Inspiring Success Through Service

February 6, 2023 by Beth Sitzler

In honor of Black History Month, NATA is highlighting some of our Black leaders at the state, district and national levels and shares insight into their volunteer journeys. 


Mississippi Athletic Trainers' Association Career Advancement Committee Chair LaJoy Paige, MS, LAT, ATC, always knew she would choose a career related to health care.

Intrigued by how ATs treated their athletes and the profession’s direct impact on them, Paige said she decided to pursue athletic training.

Paige developed a relationship with her 10th grade AT, participated in athletic training workshops at Mississippi Sports Medicine and now leads the charge in her current leadership roles. She has not only been an ardent champion of the profession, but has also fostered her own career growth in the secondary school setting.

“I am so grateful for the ATs who paved the way for me from high school until now,” she said.

Paige has advocated for the career development of her peers as well as the younger AT generation as not only the MATA CAC chair, but also the Southeast Athletic Trainers' Association Secondary School Committee chair and the NATA Secondary School Committee District Nine representative.

Keep reading to learn more about her leadership development and impact.

What was your first volunteer position within the athletic training profession and why did you get involved?
My first volunteer position was as the MATA Young Professionals Committee chair.

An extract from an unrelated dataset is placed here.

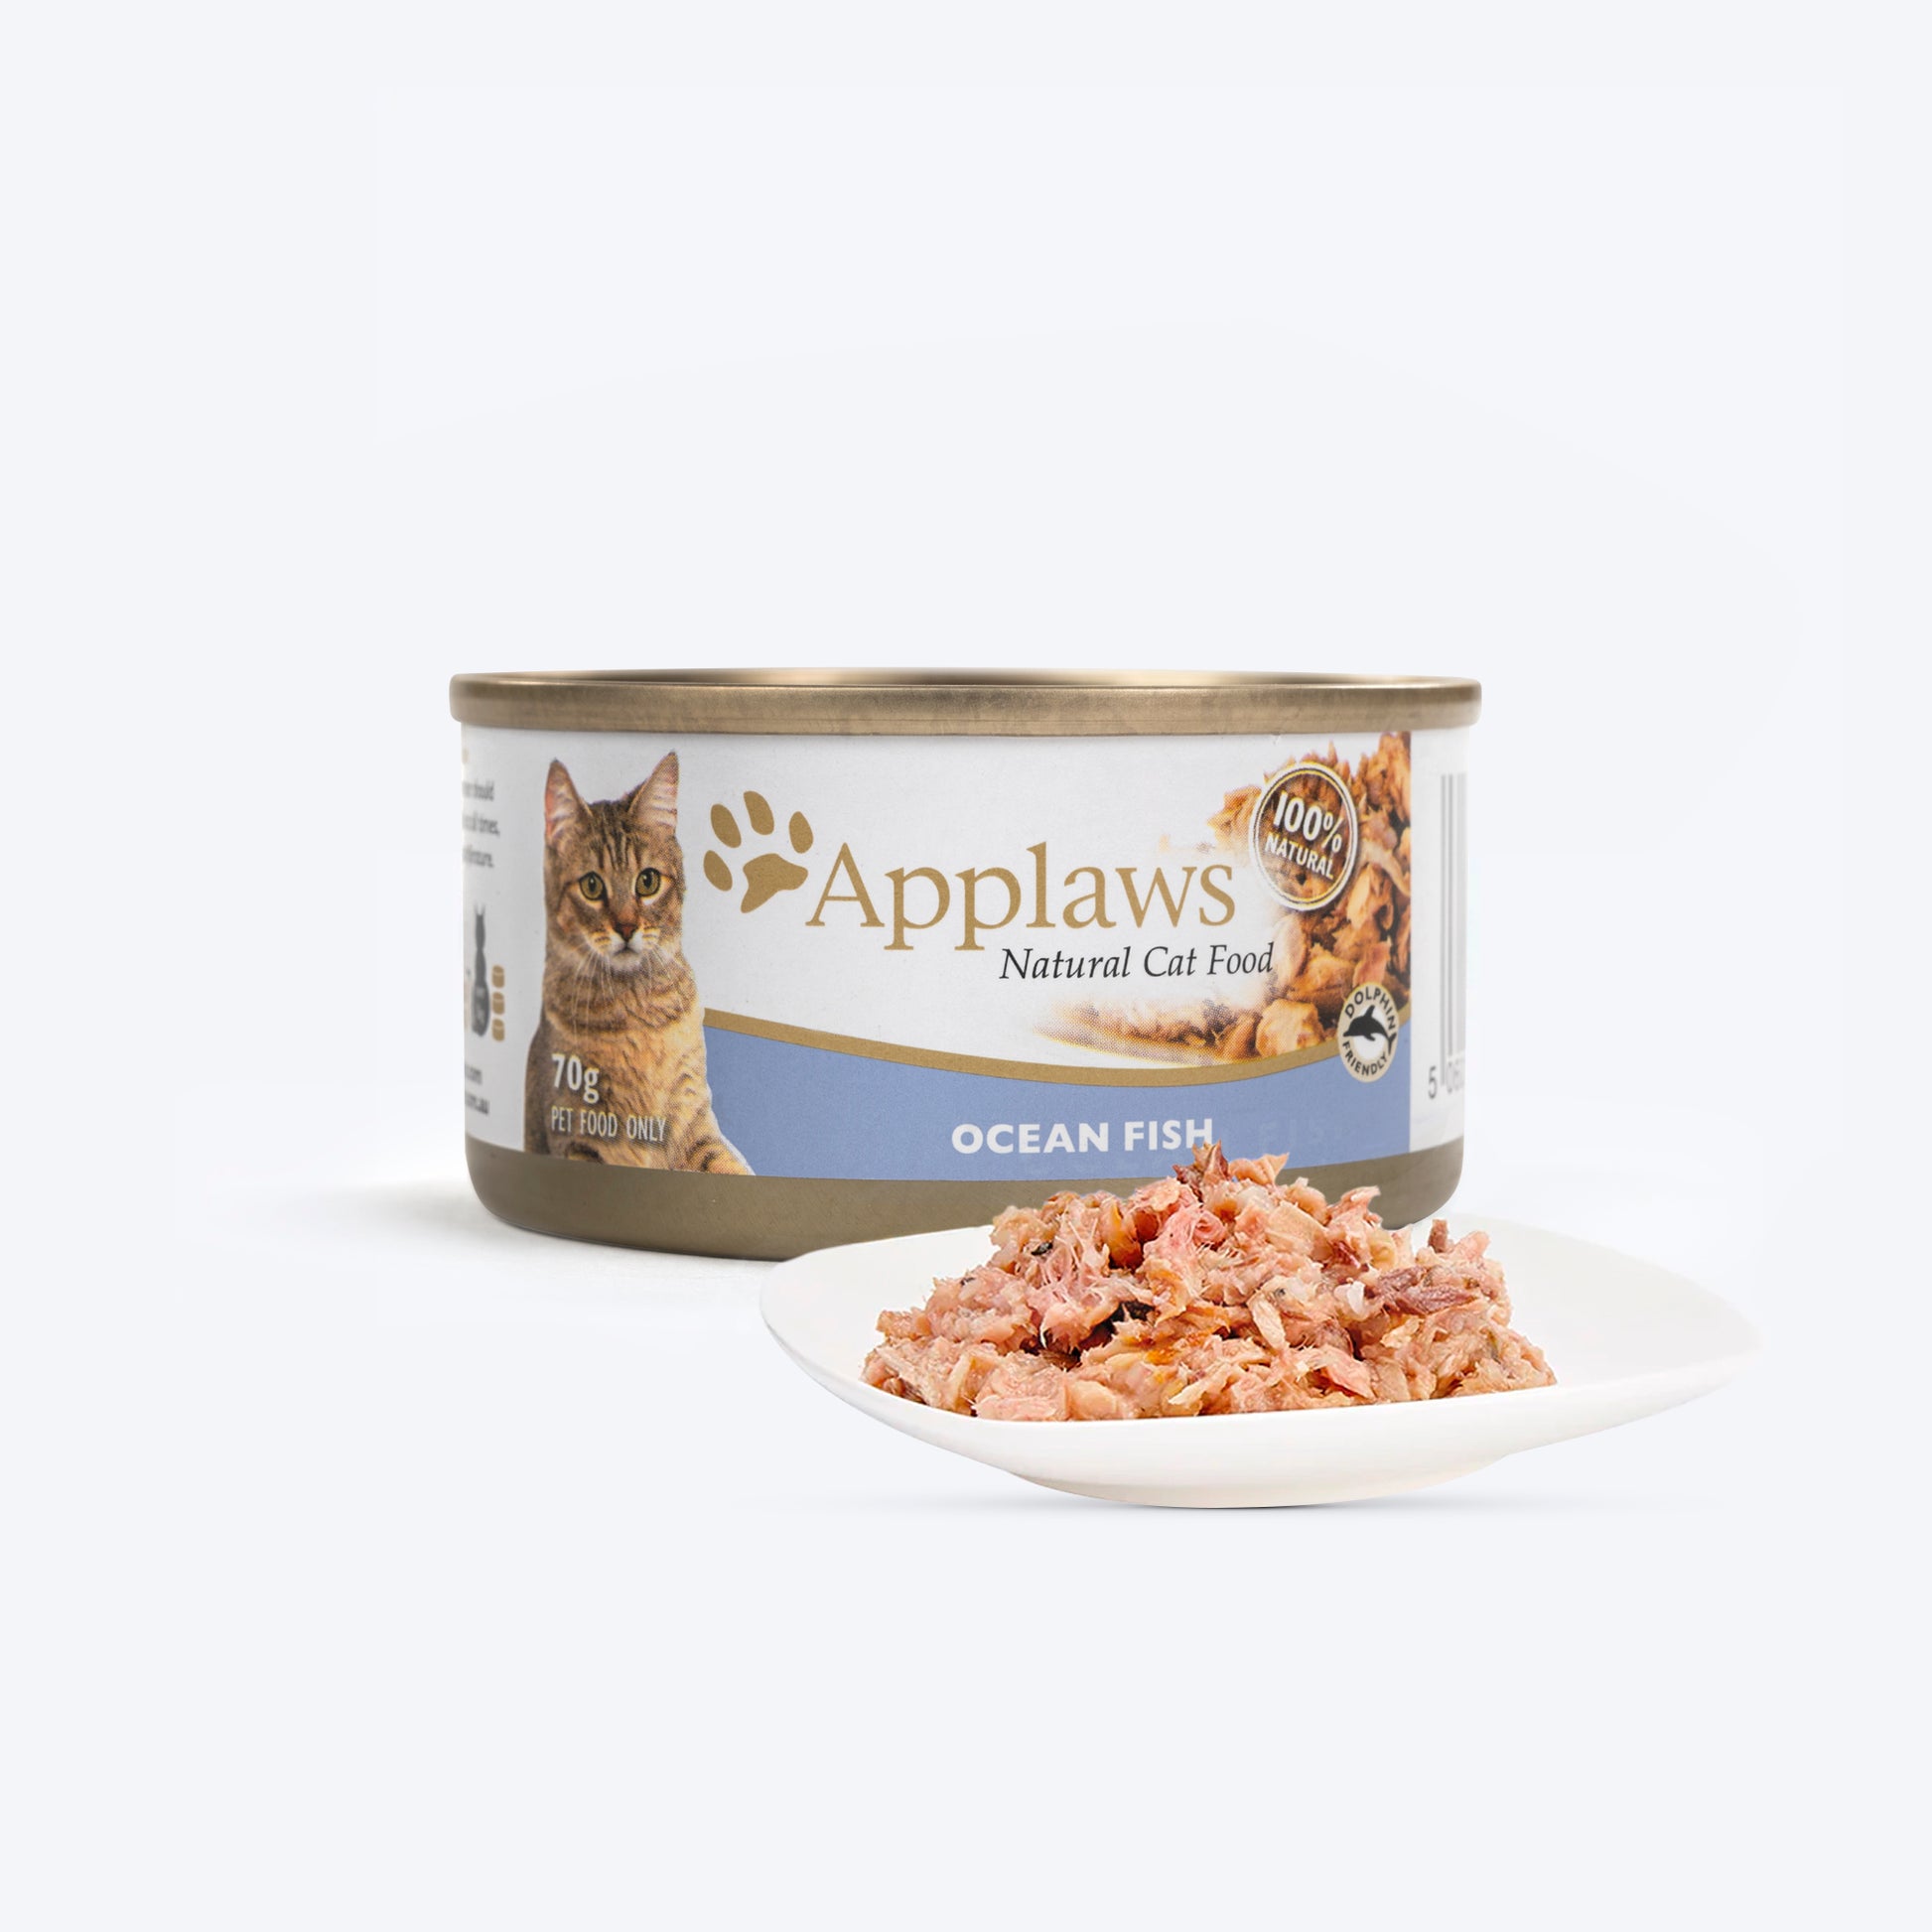 Applaws Ocean Fish Natural Wet Cat Food - 70 g - Heads Up For Tails

I got involved because I wanted to be a voice for our young professionals in the state and I wanted to serve in whatever capacity my state association needed me to. I wanted our young professionals to utilize their skills and resources and be active in community service events, mentorship and raising awareness of our profession in our state.

Tell us about your current position as the Mississippi Athletic Trainers' Association Career Advancement Committee chair and what you hope to accomplish in this role.
My current position as the MATA CAC chair is one that was derived from the former YPC. It includes ATs who are in their seventh to 12th years of initial certification. This position is one that has allowed me to become more understanding of the personal and professional concerns of ATs in that certification window and address issues they have faced and are facing daily. I hope to continue curating a forum for MATA CAC members to discuss ways to feel comfortable making changes in one’s career and be happy doing so. Not only that, but also to do so while maintaining work-life balance so that burnout isn’t an immediate topic.

How has volunteering helped you grow personally and professionally?
Volunteering has fed a hunger I developed professionally. As a student and progressing to a young professional, I knew volunteering was a way to network and give back to my profession. Developing personal relationships and being a part of something greater than myself are ways that volunteering has aided me in growing personally.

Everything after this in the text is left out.